Unnamed: 0.1,Unnamed: 0,n,r2,mean_absolute_error,mean_squared_error,root_mean_squared_error,mean_squared_log_error,median_absolute_error,mean_absolute_percentage_error,max_error,explained_variance,mean_poisson_deviance,mean_gamma_deviance
0,price,6980,0.845543,0.151756,0.042936,0.207209,0.000215,0.110974,0.011558,1.19069,0.857237,0.003273,0.00025
1,__overall__,6980,0.845543,0.151756,0.042936,0.207209,0.000215,0.110974,0.011558,1.19069,0.857237,0.003273,0.00025


Also check out `/eval/not_train/static_plots/price.pdf`, which shows a scatter plot of ground-truth vs. predicted house prices.

## Explain Model

In [10]:
from catabra.explanation import explain

explain(
    X,
    folder=output_dir,       # directory containing trained model (= output directory of previous call to `analyze()`)
    from_invocation=output_dir + '/invocation.json',
    out=output_dir + '/explain',
    explainer='permutation'  # can be omitted for using SHAP, but SHAP takes very long in this case ...
)

[CaTabRa] ### Explanation started at 2023-04-19 14:57:20.962098
[CaTabRa] *** Split train
Features: 100%|########################################| 17/17 [00:33<00:00, 1.94s/it]  
[CaTabRa] *** Split not_train
Features: 100%|########################################| 17/17 [00:13<00:00, 1.28it/s]  
[CaTabRa] ### Explanation finished at 2023-04-19 14:58:23.904994
[CaTabRa] ### Elapsed time: 0 days 00:01:02.942896
[CaTabRa] ### Output saved in /mnt/c/Users/amaletzk/Documents/CaTabRa/catabra/examples/house_sales/explain


In [11]:
importance = io.read_df(output_dir + '/explain/not_train/__ensemble__.h5')

In [12]:
importance.sort_values('r2', ascending=False)

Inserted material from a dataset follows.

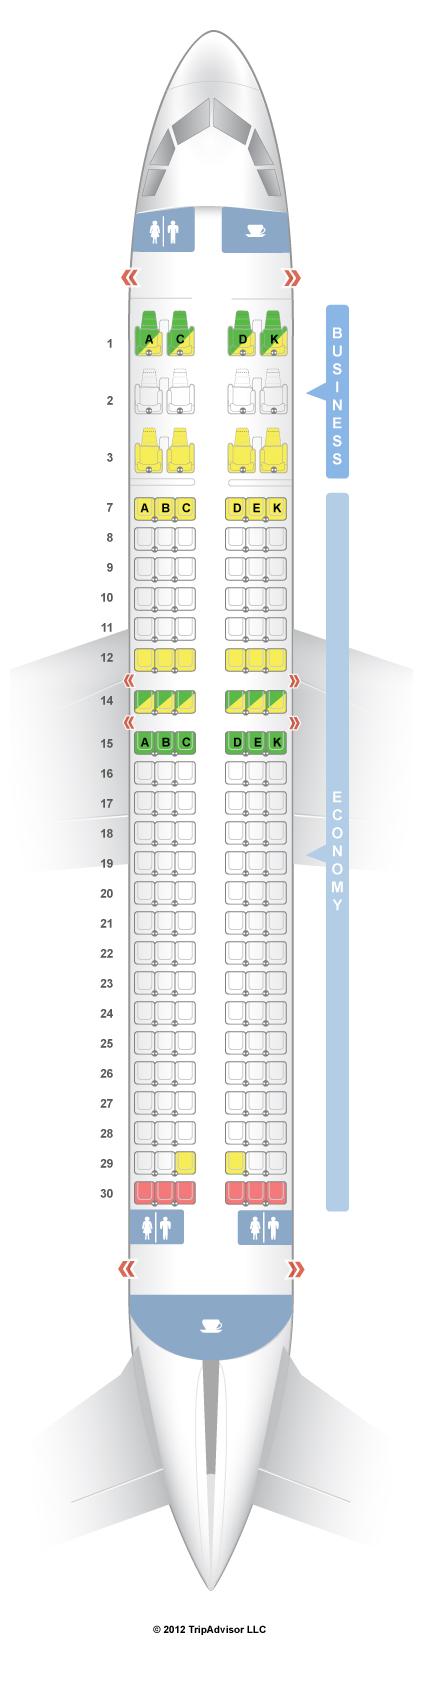 Seatguru Seat Map Avianca Airbus A320 320

Unnamed: 0,r2,mean_absolute_error,mean_squared_error,r2 std,mean_absolute_error std,mean_squared_error std
lat,0.550714,0.199182,0.153086,0.005703,0.001403,0.001585
sqft_living,0.201067,0.082459,0.055892,0.00328,0.00134,0.000912
grade,0.150816,0.060628,0.041924,0.004245,0.001382,0.00118
long,0.075237,0.034909,0.020914,0.00094,0.000536,0.000261
sqft_living15,0.025162,0.011922,0.006994,0.00185,0.000653,0.000514
sqft_lot,0.020695,0.012332,0.005753,0.001152,0.000607,0.00032
waterfront,0.01339,0.003592,0.003722,0.000506,0.000205,0.000141
bathrooms,0.010384,0.005163,0.002887,0.000498,0.000217,0.000139
yr_built,0.008597,0.004961,0.00239,0.000567,0.000129,0.000158
sqft_lot15,0.005792,0.003533,0.00161,0.000316,0.0002,8.8e-05


Also check out `/explain/not_train/static_plots/` for visualizations of the permutation importance.